Write out only the lines from the line containing "5add3227b033 Delvaux Black" to the end of the listing below, both included, exactly as they stand. Drop the pictures.

**Collected data**:
'''

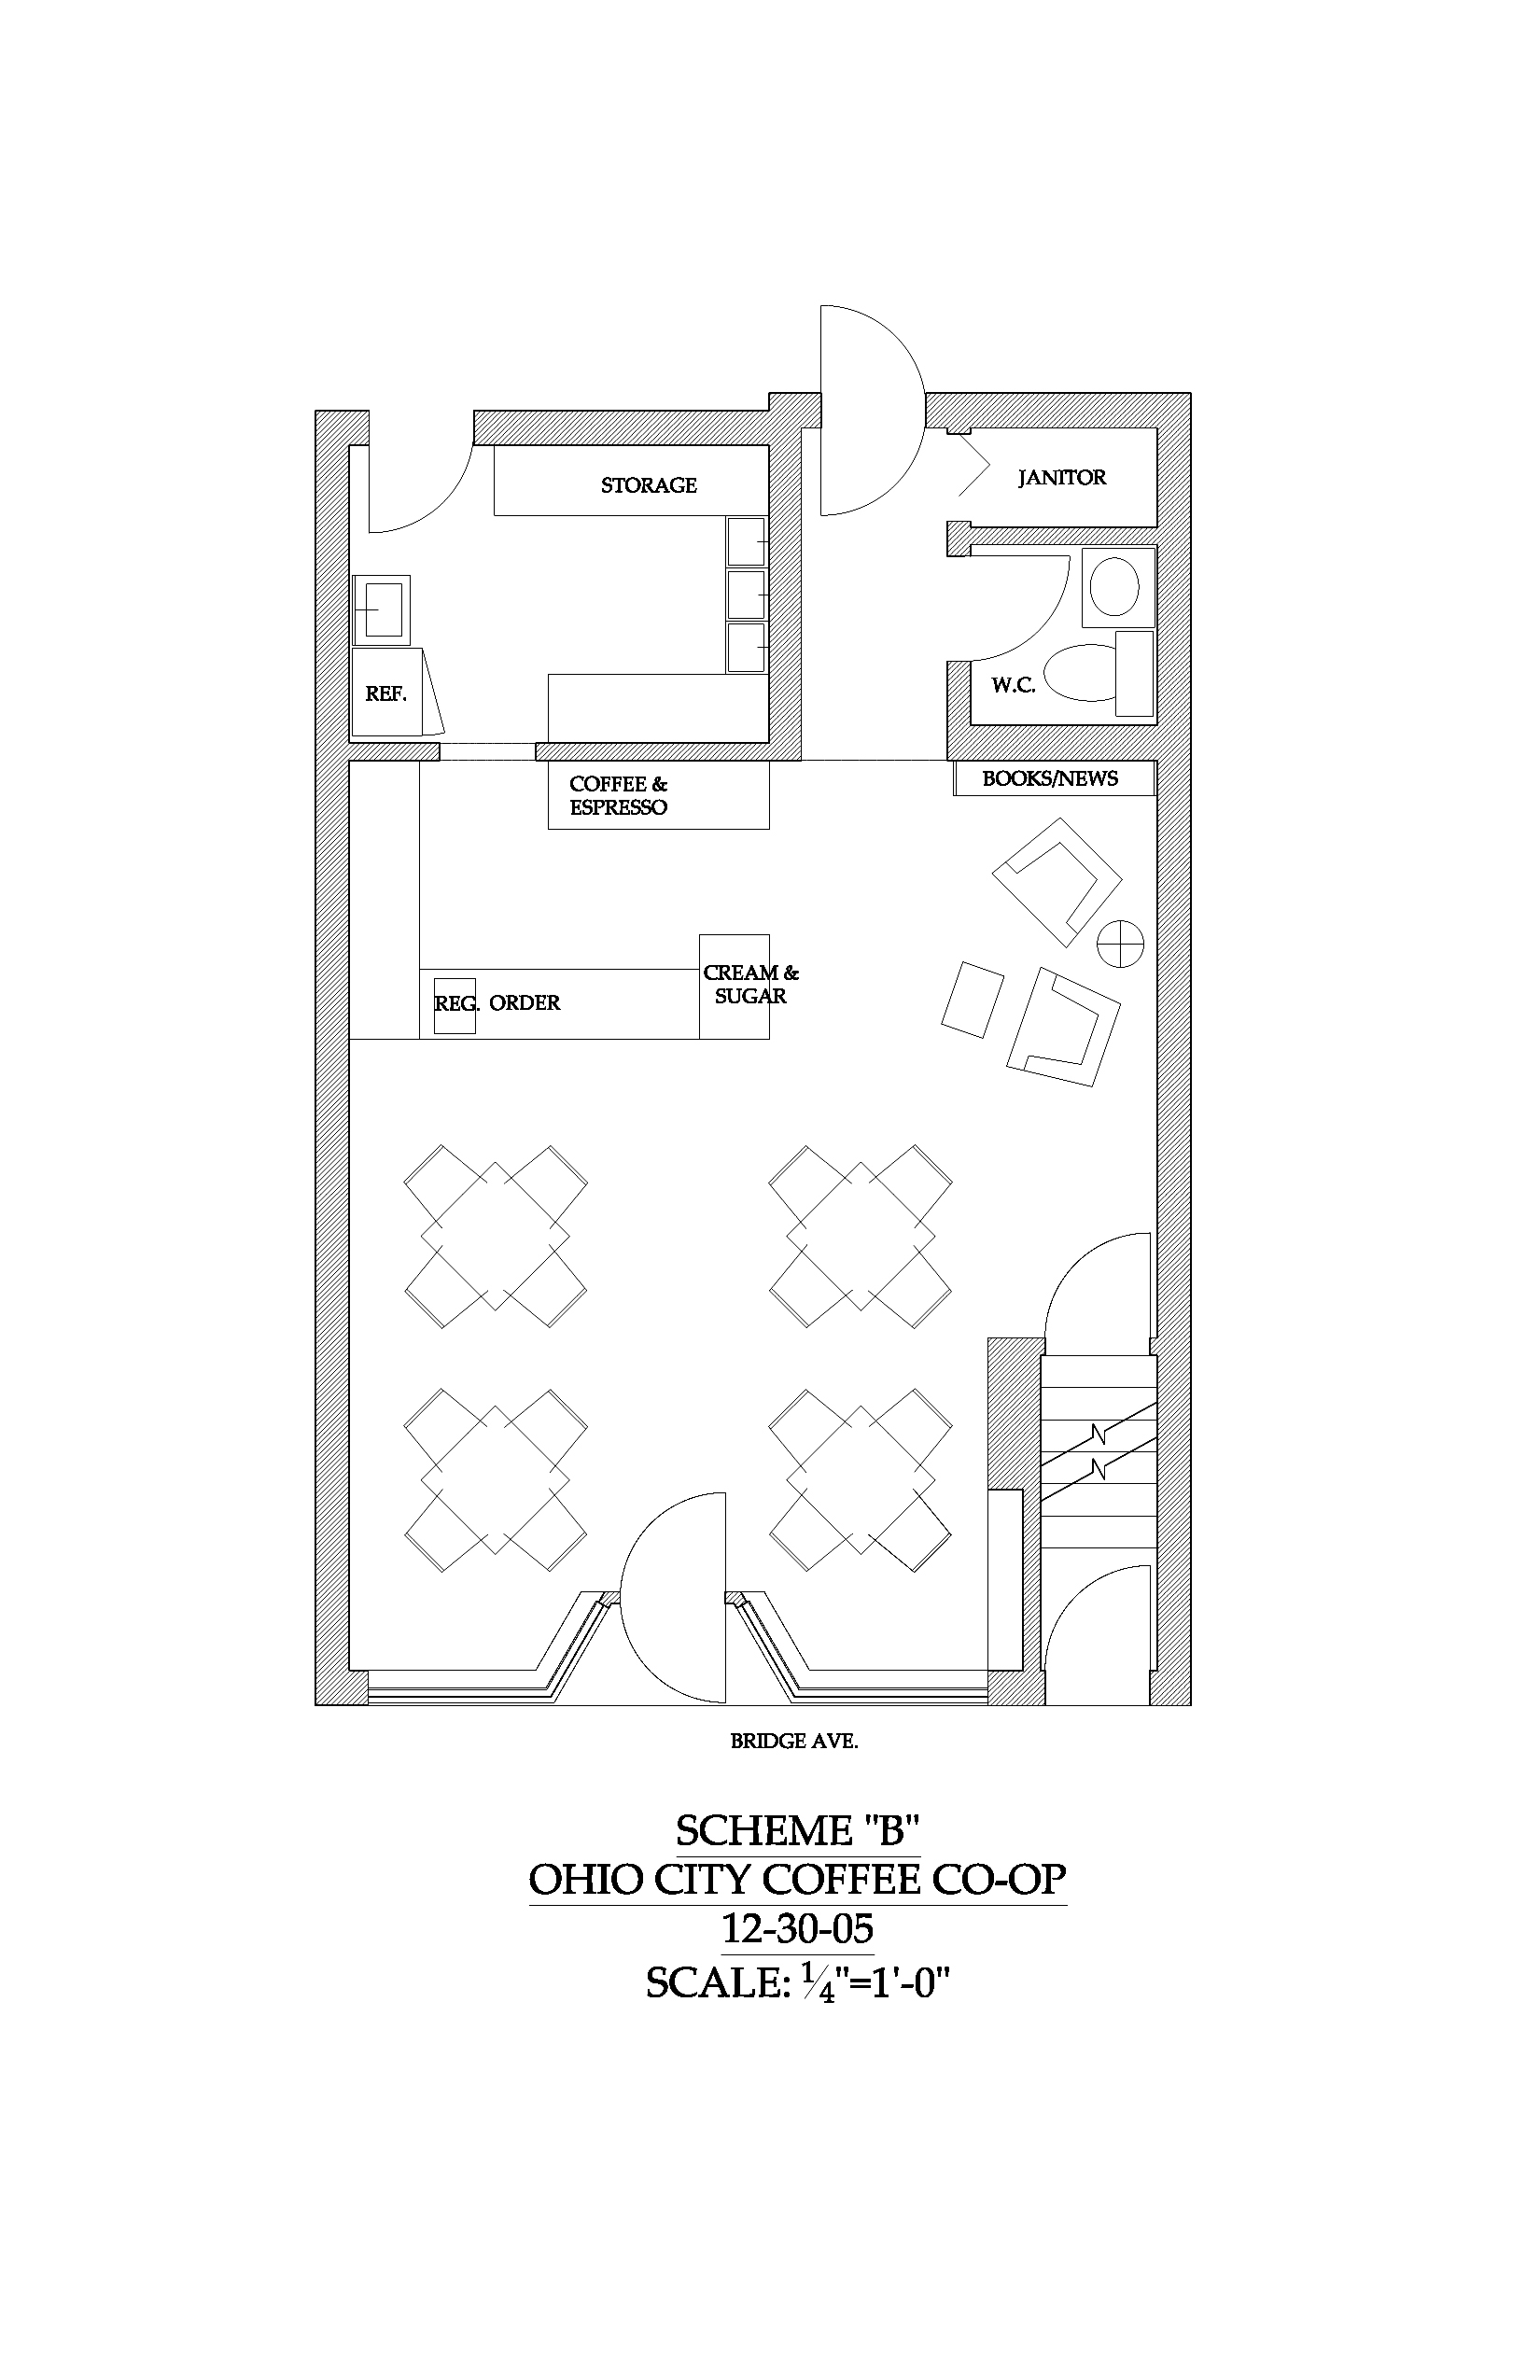 coffee shop business plan layout cheap essays online
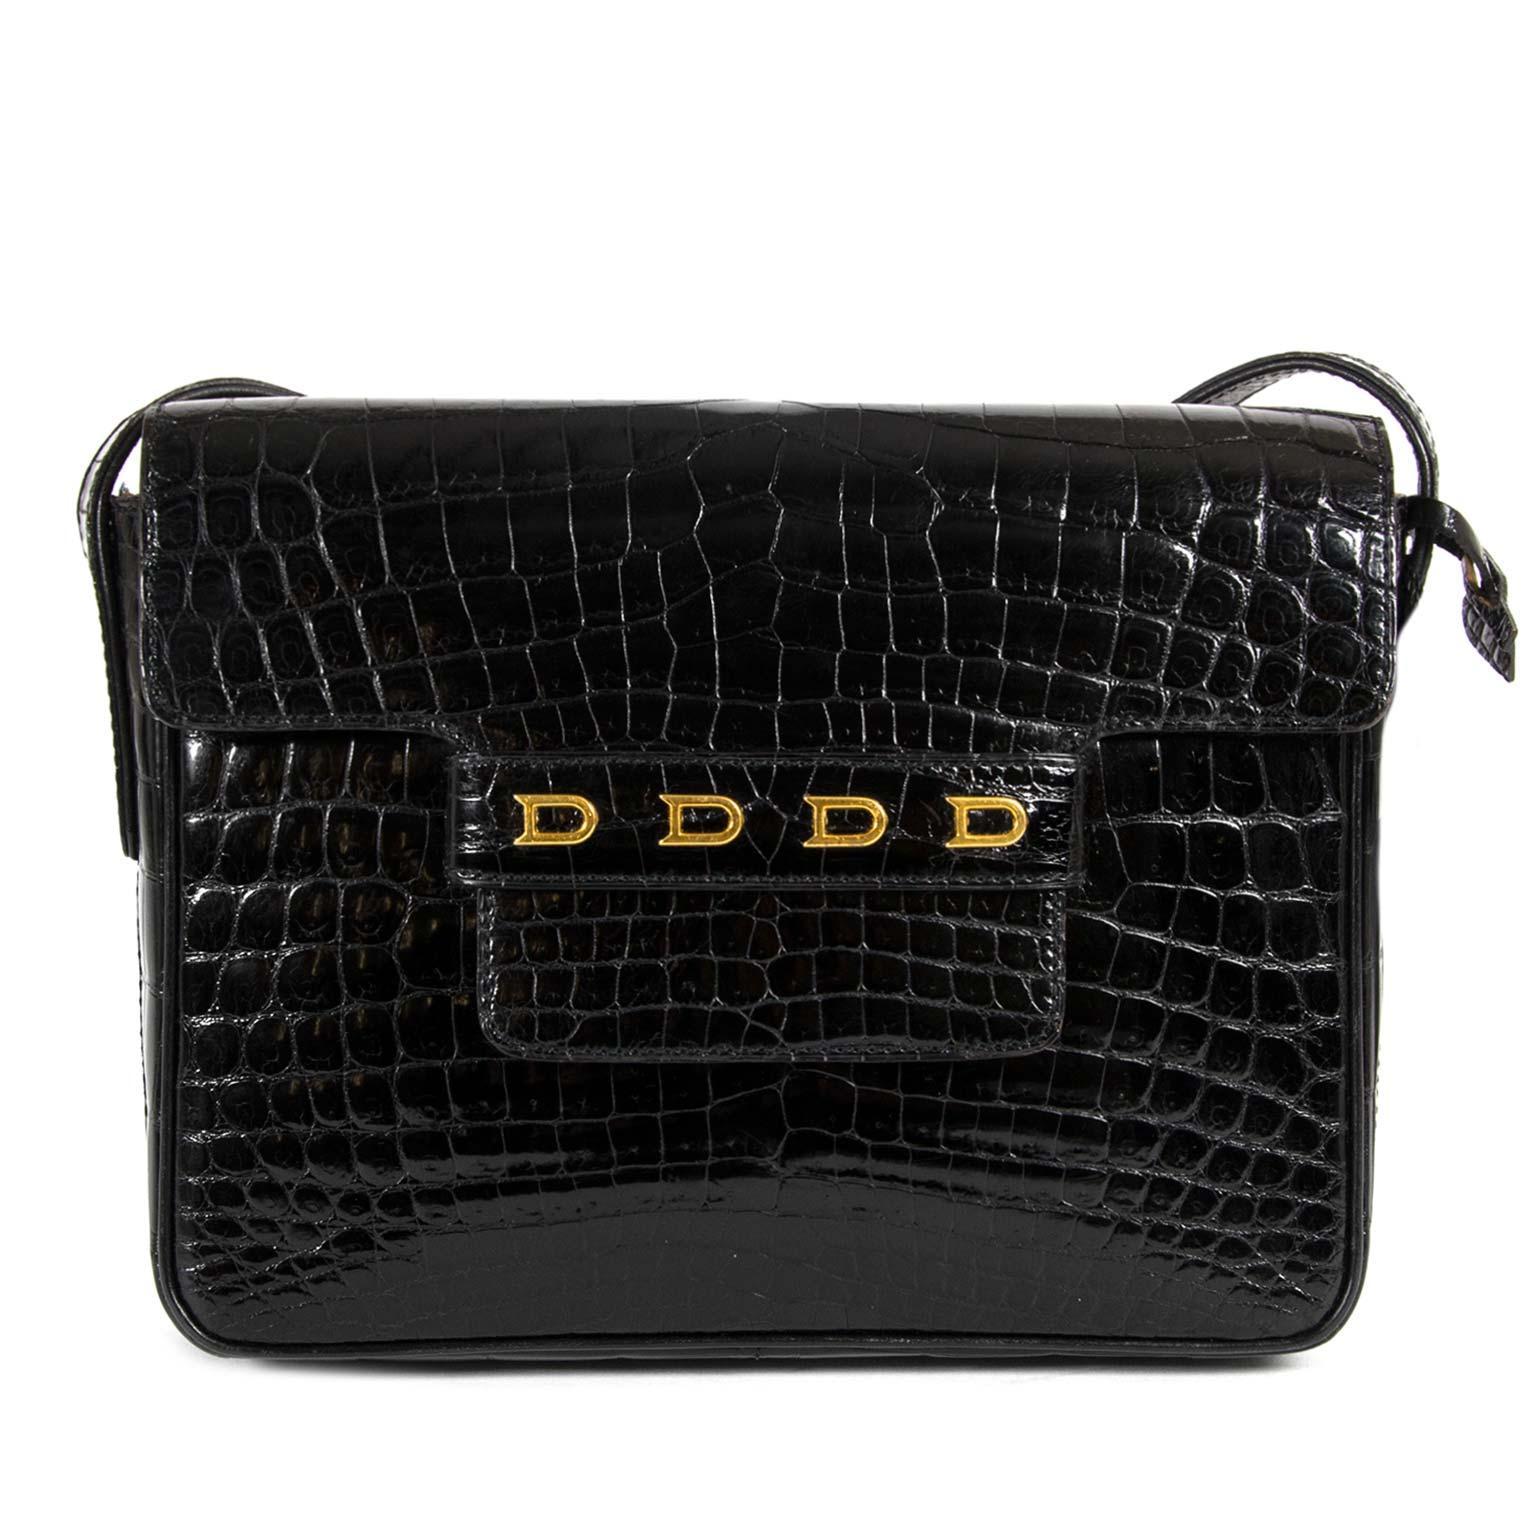 5add3227b033 Delvaux Black Croco D Cross Body Bag at 1stdibs
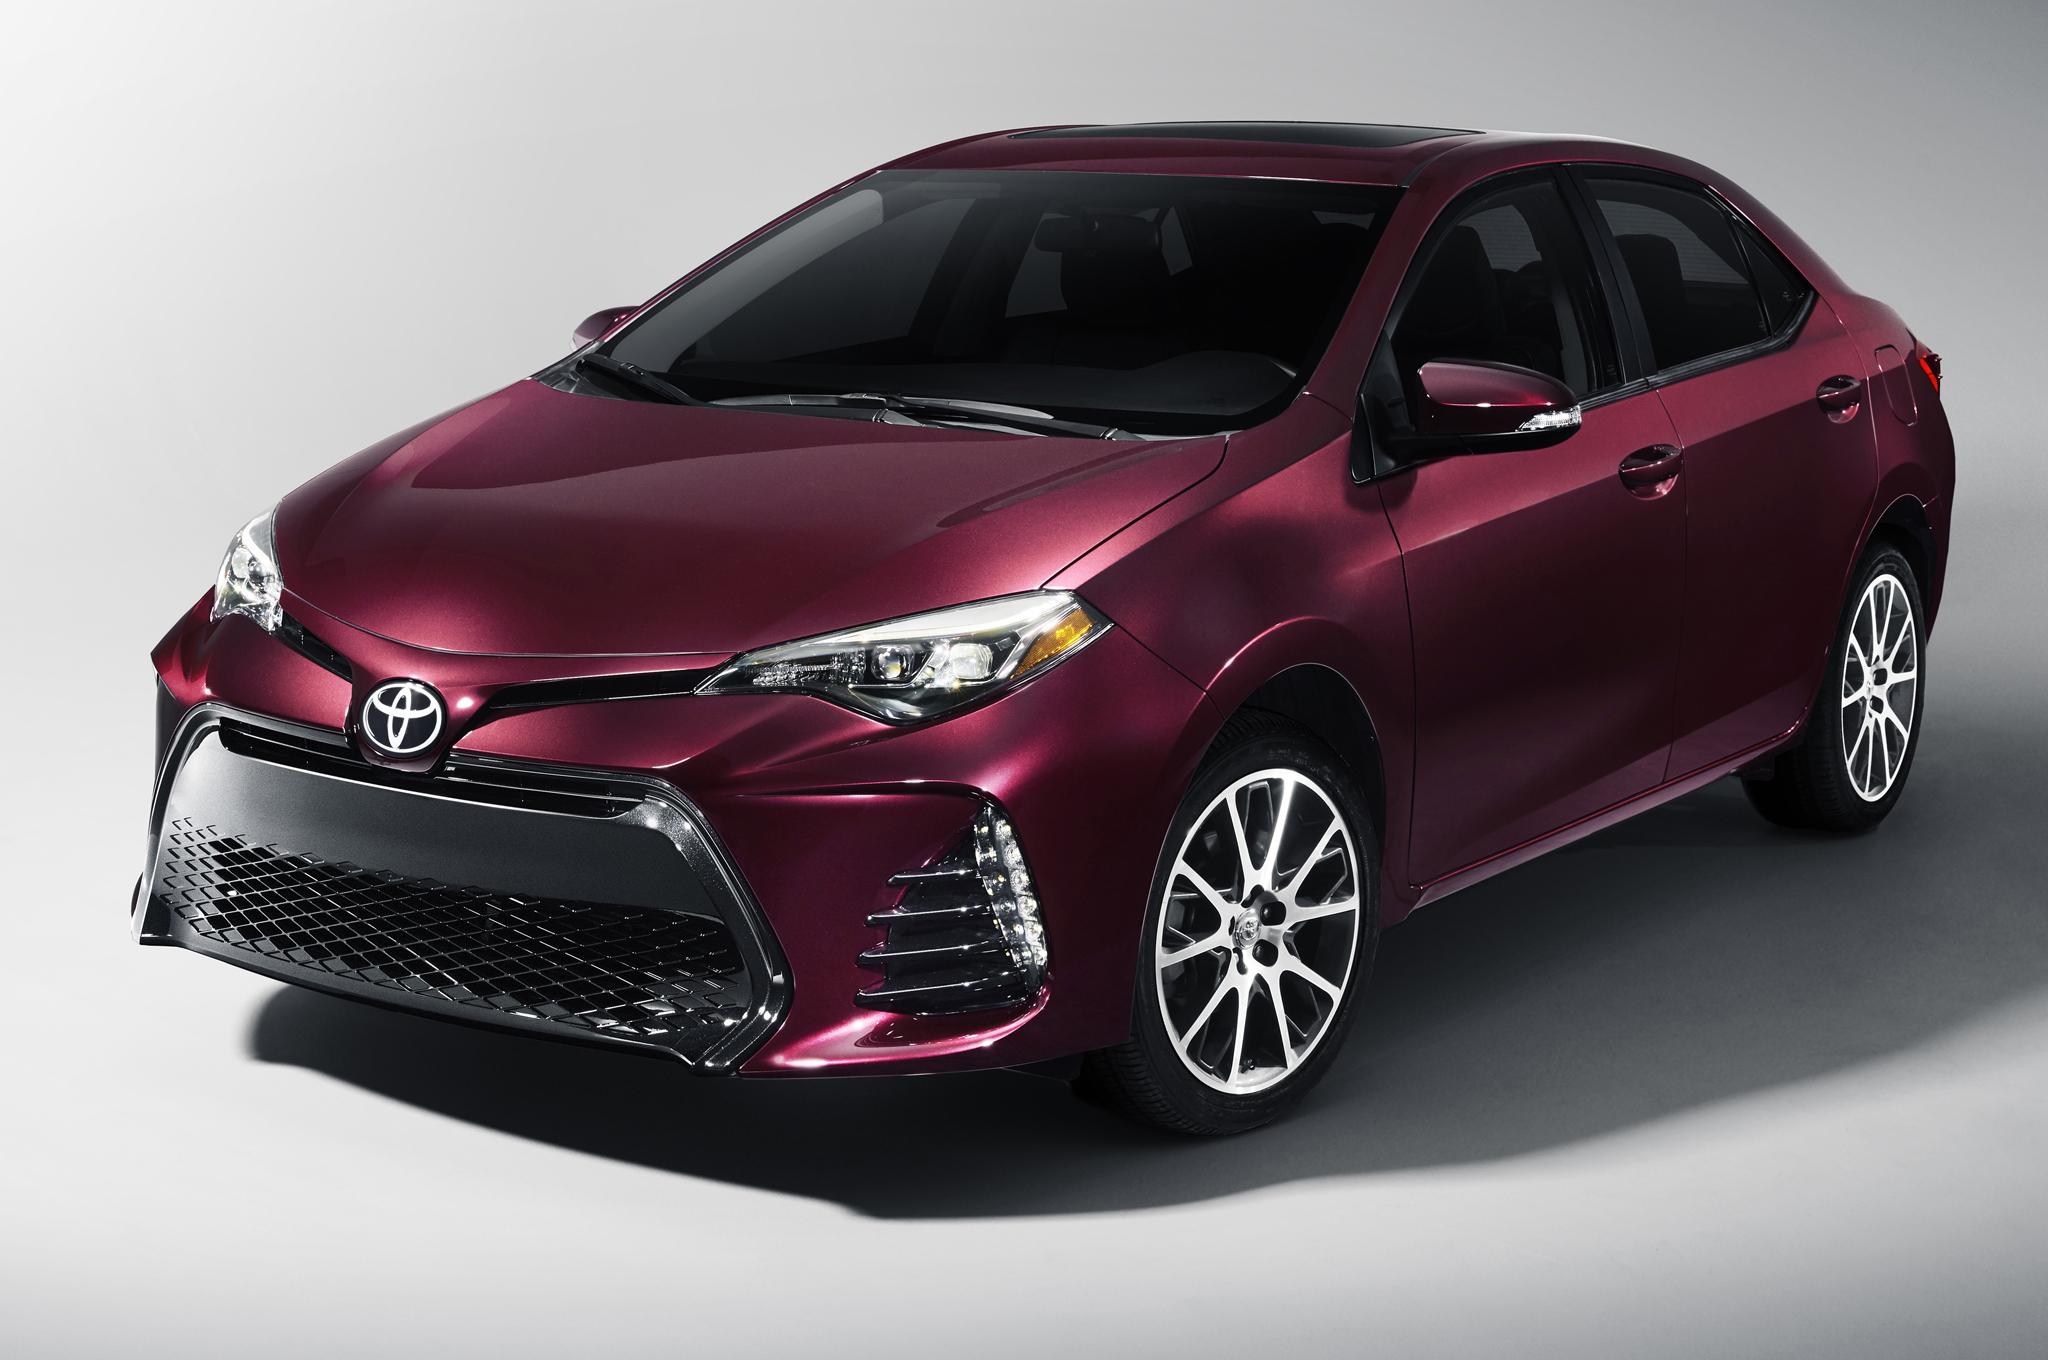 Toyota Corolla LE – new car under $25,000

'''

**Task output**:
 5add3227b033 Delvaux Black Croco D Cross Body Bag at 1stdibs
 Toyota Corolla LE – new car under $25,000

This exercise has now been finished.